A visualization program can accept the trajectory data and display it, perhaps even in three dimensions using a 3D capable display. The visualization program can even display an animation by stepping through the time sequence of atomic trajectories. Furthermore, the output of the simulation can be fed directly into the visualization program so that a person can observe the changing system as each time step is computed and displayed.
The complexity of a MD system determines both how quickly each time step can be simulated and displayed. As more and more computer hardware is brought to bear, the faster the computations can be performed. This is important because faster simulation and display opens up the possibility for human interaction. A person can change the environment by, for non-limiting example, applying a force, changing the temperature, adding atoms, or removing atoms. Too slow a simulation means the person gets bored and walks away. A fast enough simulation means the person can play or work with the simulated molecular system. A person can change the environment through a set of GUI controls such as a temperature slider or even through a haptic device for directly manipulating the simulated atoms.
In order for people to be inventive with MD systems, they need enough computing power to enable a reasonable level of interaction with MD simulations. Most people and organizations can not afford to purchase and maintain computing systems having enough power that a person can interact with an MD simulation and receive near real-time feedback.
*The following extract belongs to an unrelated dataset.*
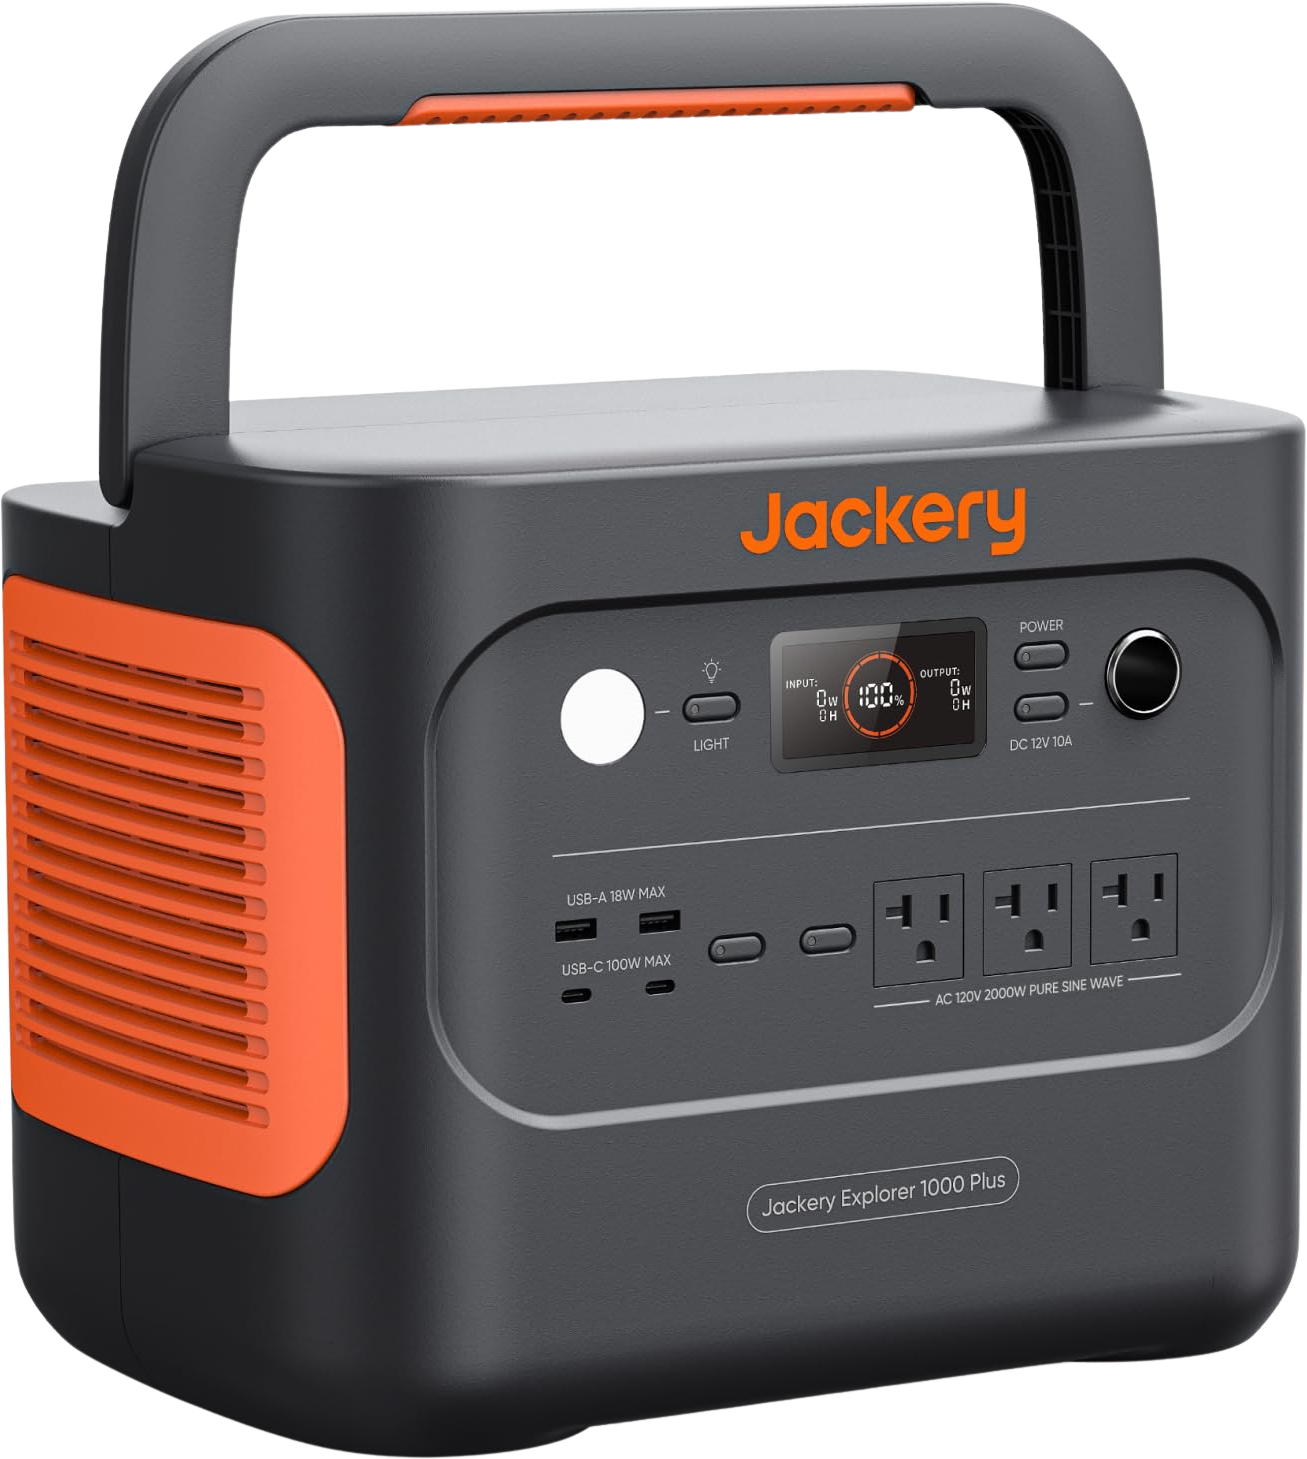 Jackery Explorer 1000 Plus Portable Power Station 1264Wh 2000W New

Systems and methods providing more people and organizations with access to massive computational power are needed.

BRIEF SUMMARY

The following summary is provided to facilitate an understanding of some of the innovative features unique to the embodiments and is not intended to be a full description. A full appreciation of the various aspects of the embodiments can be gained by taking the entire specification, claims, drawings, and abstract as a whole.
It is therefore an aspect of the embodiments that a highly parallelized simulation code contains instructions for simultaneous execution by a large number of processors. The simulation code simulates a physical system such as a collection of atoms that attract each other, repel each other, form molecular bonds with each other, transfer energy with each other, and otherwise interact and react is the manner of atomic and molecular groupings in nature.
It is another aspect of the embodiments that a GPGPU cluster provides processors for running the simulation. The GPGPU cluster includes a plurality of central processing units (CPUs) and a plurality of general purpose graphics processing units (GPGPUs).
It is yet another aspect of the embodiments that a user can observe the simulation on a display unit and provide input to the simulation through an input device. For example, a molecular dynamics simulation can provide graphical output at discrete time steps and the user can move simulated atoms around, change the simulated temperature, or otherwise change the simulated system as the simulation steps along in time.
It is a further aspect of the embodiments that a master program divides the computational work required by the simulation code amongst the available processing units. The simulation code can produce data about the simulated physical system such as the positions and velocities of individual atoms. A visualization module can interpret the data to thereby produce the graphical representation of the simulated physical system that the user observes. Note that certain embodiments can produce two slightly offset graphical representations that can be provided to a 3D capable display such that the user can observe and interact with a 3D visualization of the simulated physical system.

BRIEF DESCRIPTION OF THE DRAWINGS

The accompanying figures, in which like reference numerals refer to identical or functionally similar elements throughout the separate views and which are incorporated in and form a part of the specification, further illustrate aspects of the embodiments and, together with the background, brief summary, and detailed description serve to explain the principles of the embodiments.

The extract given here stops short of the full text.